Standalone
SQLFrame can be used in stand-alone mode which means it can do the query generation without needing access to a database. Since SQLFrame doesn't have access to a database to get column information, it needs to be explicitly provided instead. Also any operation that requires an actual connection to the database (like executing the query) will not for this session.
Installation
Enabling SQLFrame
SQLFrame can be used in two ways:
- Directly importing the
sqlframe.standalonepackage - Using the activate function to allow for continuing to use
pyspark.sqlbut have it use SQLFrame behind the scenes.
Import
If converting a PySpark pipeline, all pyspark.sql should be replaced with sqlframe.standalone.
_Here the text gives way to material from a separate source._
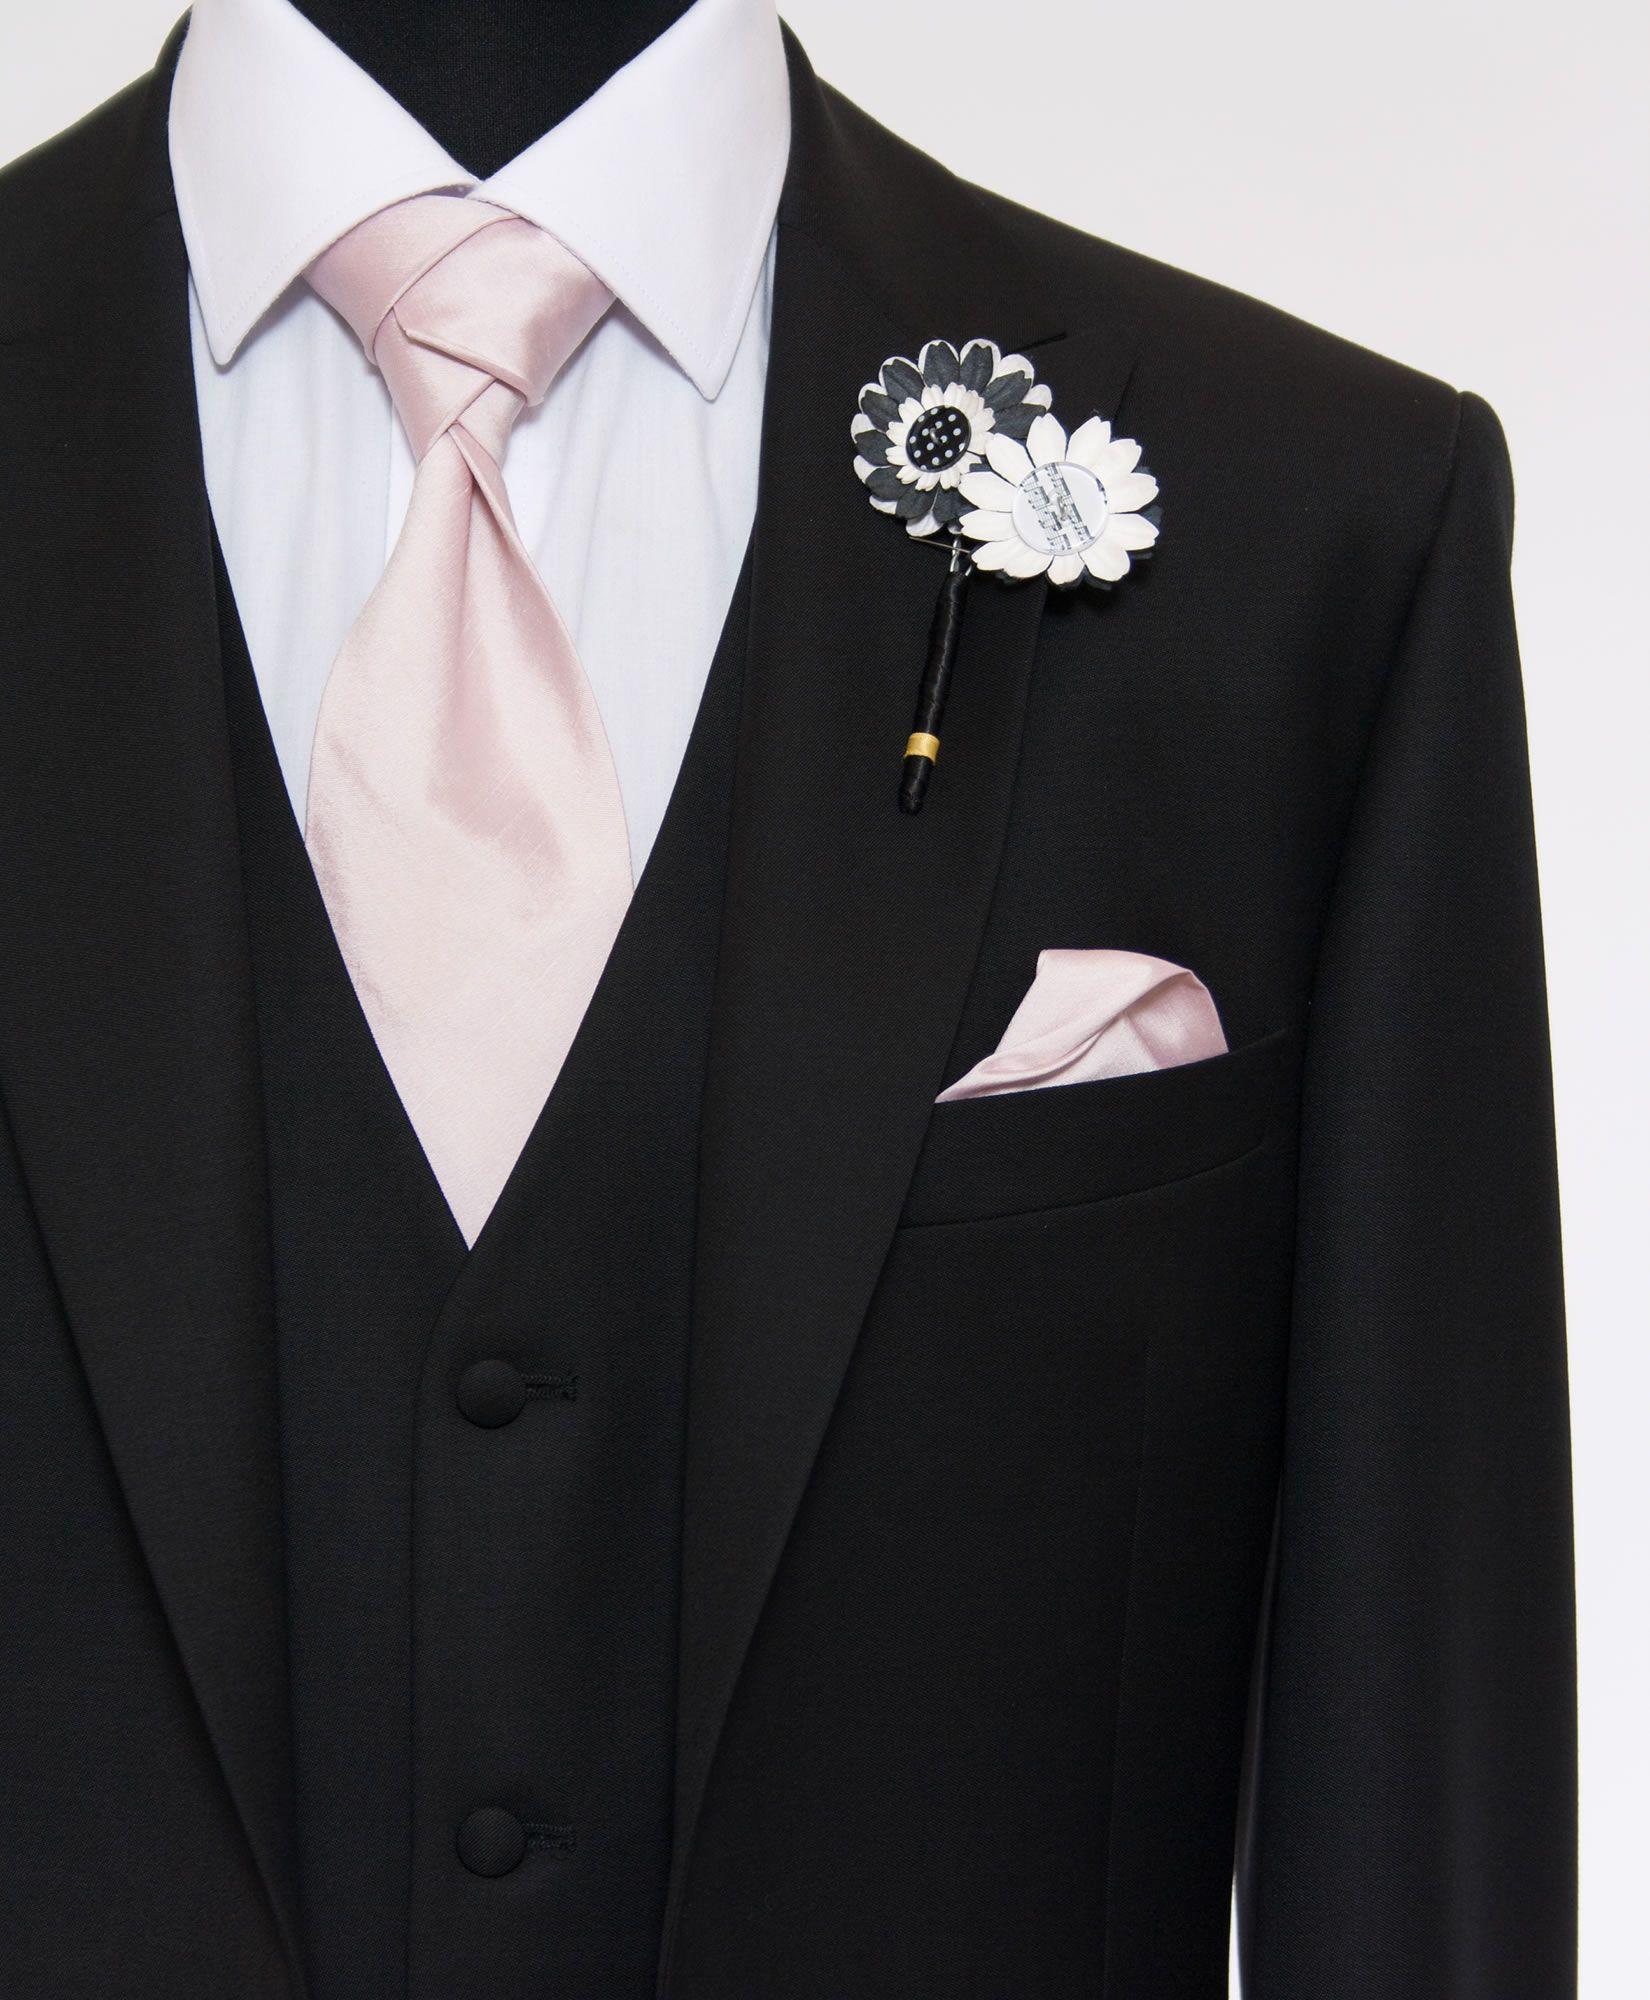 black suit pink tie photo - 1
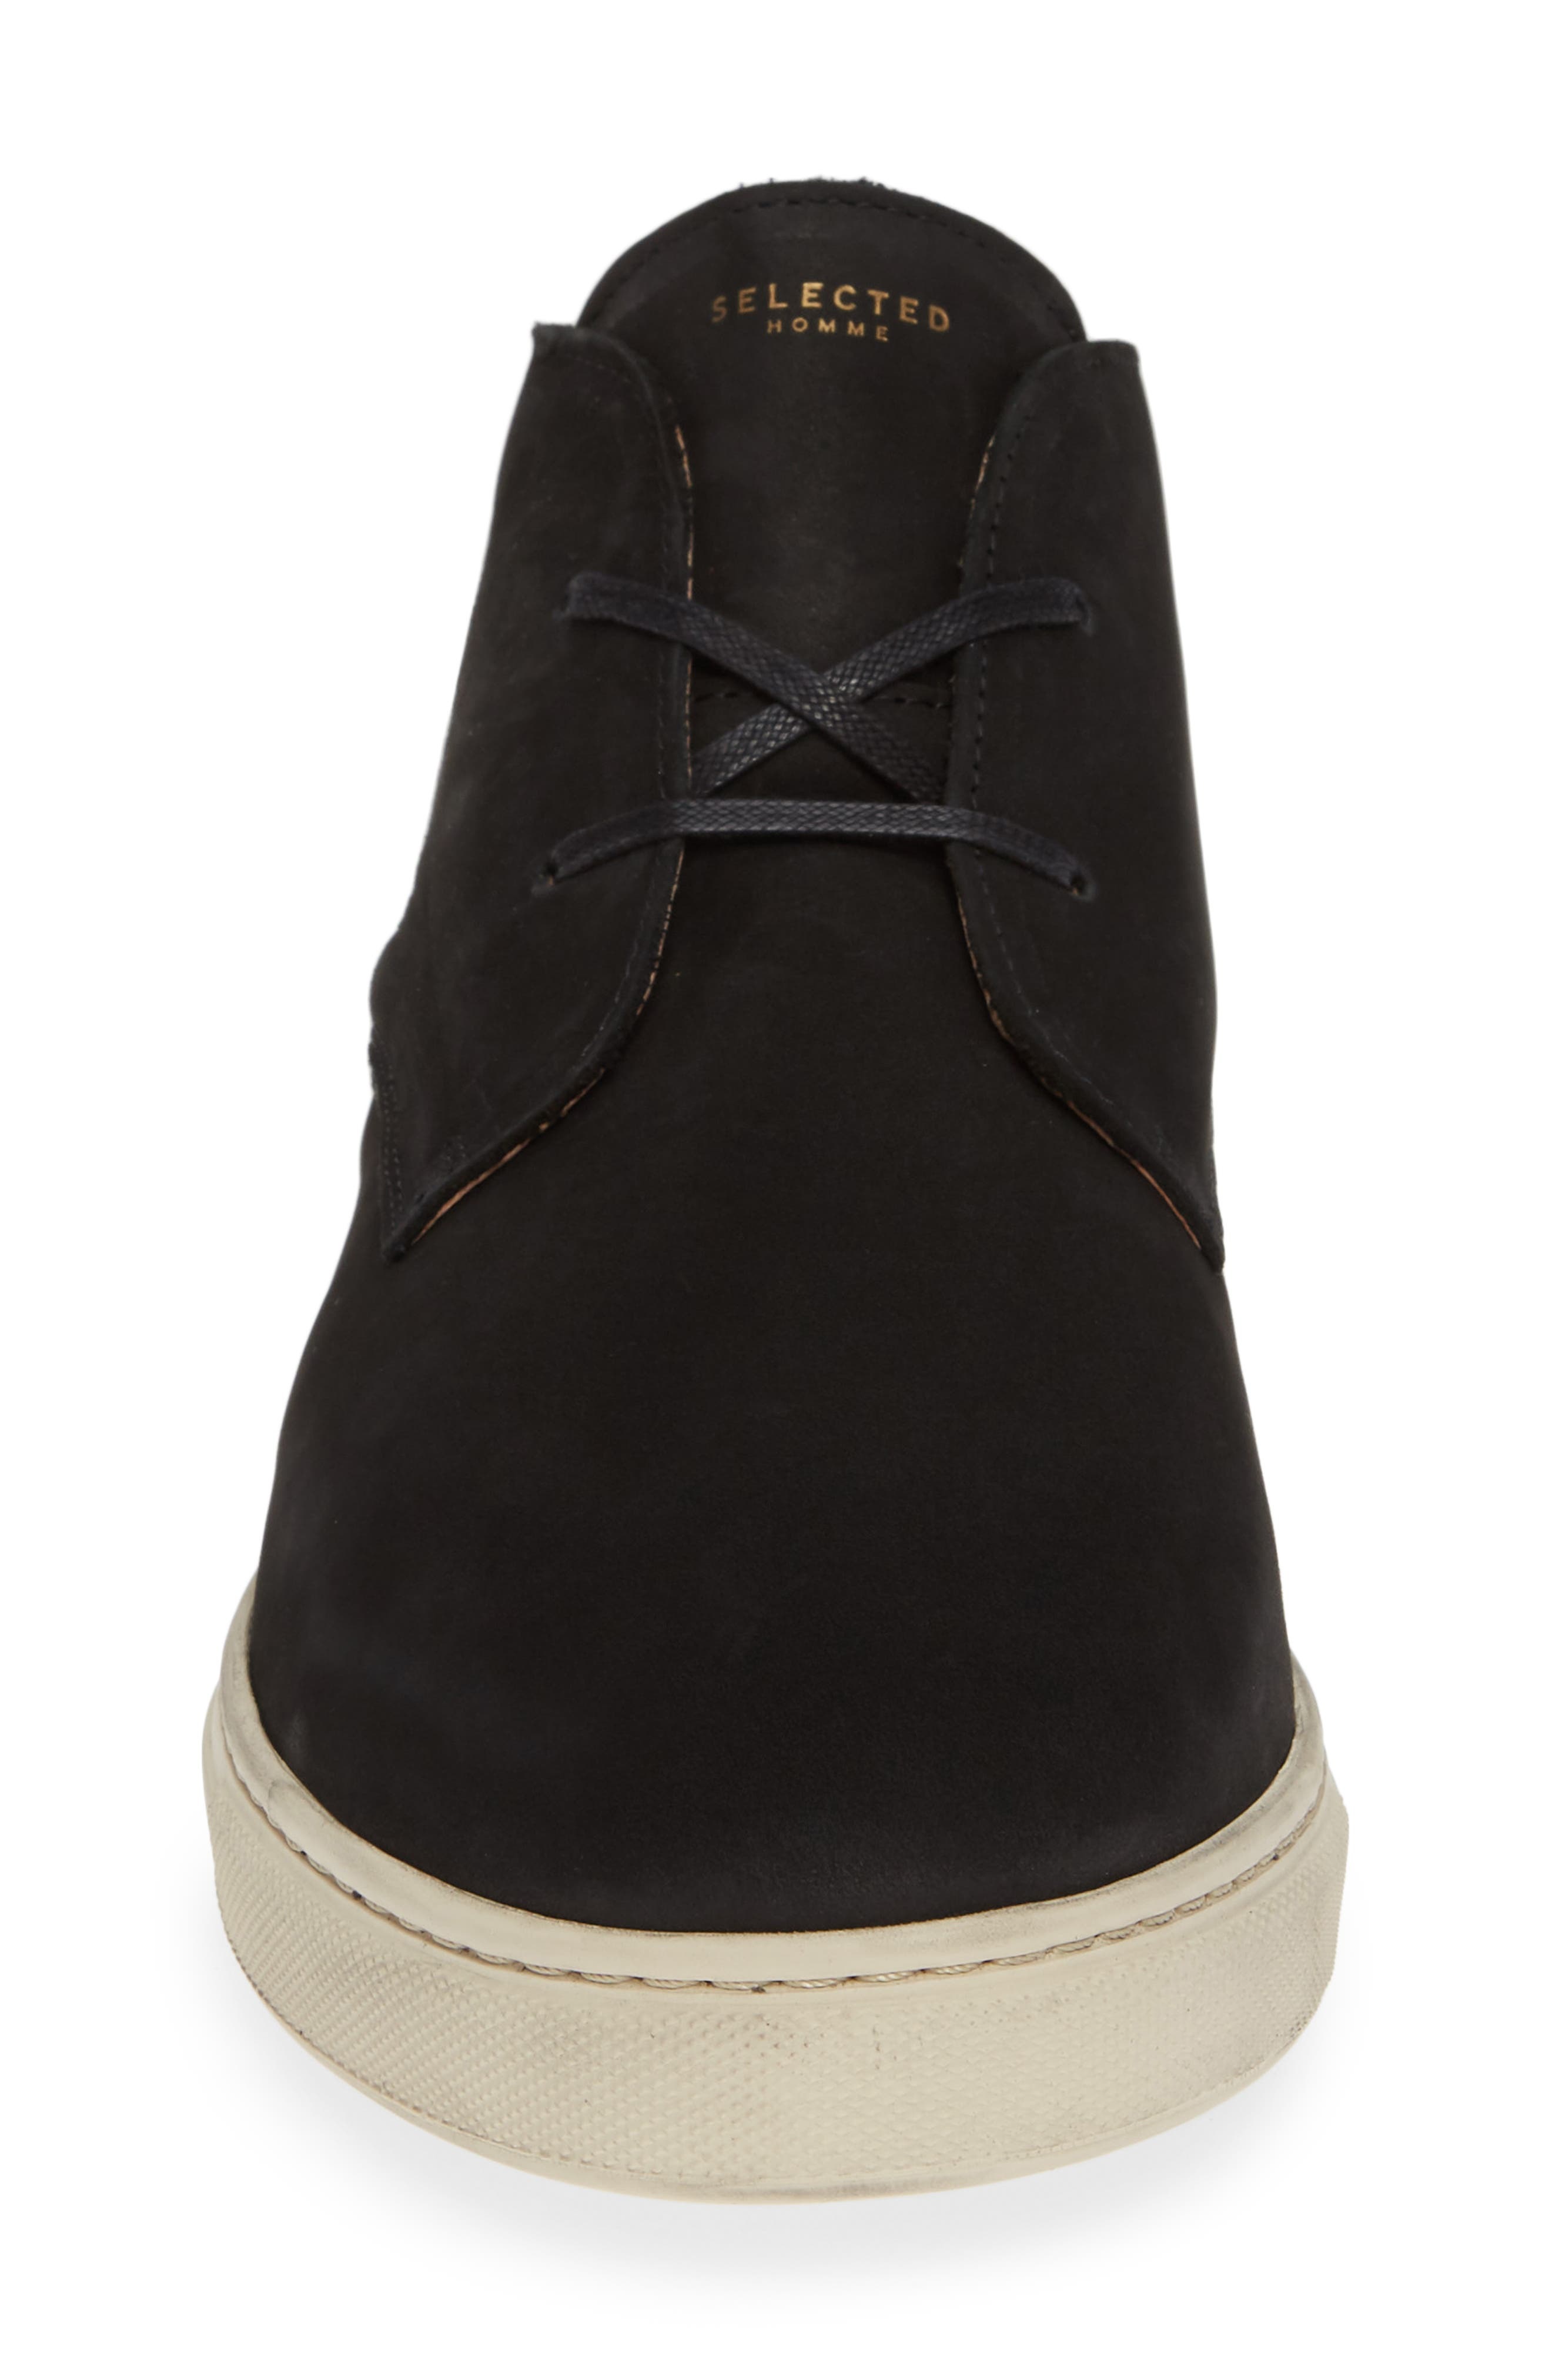 Dempsey Chukka Sneaker,                             Alternate thumbnail 4, color,                             BLACK

In addition, many classes will have a Standalone prefix.
For example, StandaloneDataFrame instead of DataFrame.
# PySpark import
# from pyspark.sql import SparkSession
# from pyspark.sql import functions as F
# from pyspark.sql.dataframe import DataFrame
# SQLFrame import
from sqlframe.standalone import StandaloneSession
from sqlframe.standalone import functions as F
from sqlframe.standalone import StandaloneDataFrame
Activate
If you would like to continue using pyspark.sql but have it use SQLFrame behind the scenes, you can use the activate function.
Creating a Session
Standalone supports defining both an input_dialect and an output_dialect which can be different from each other.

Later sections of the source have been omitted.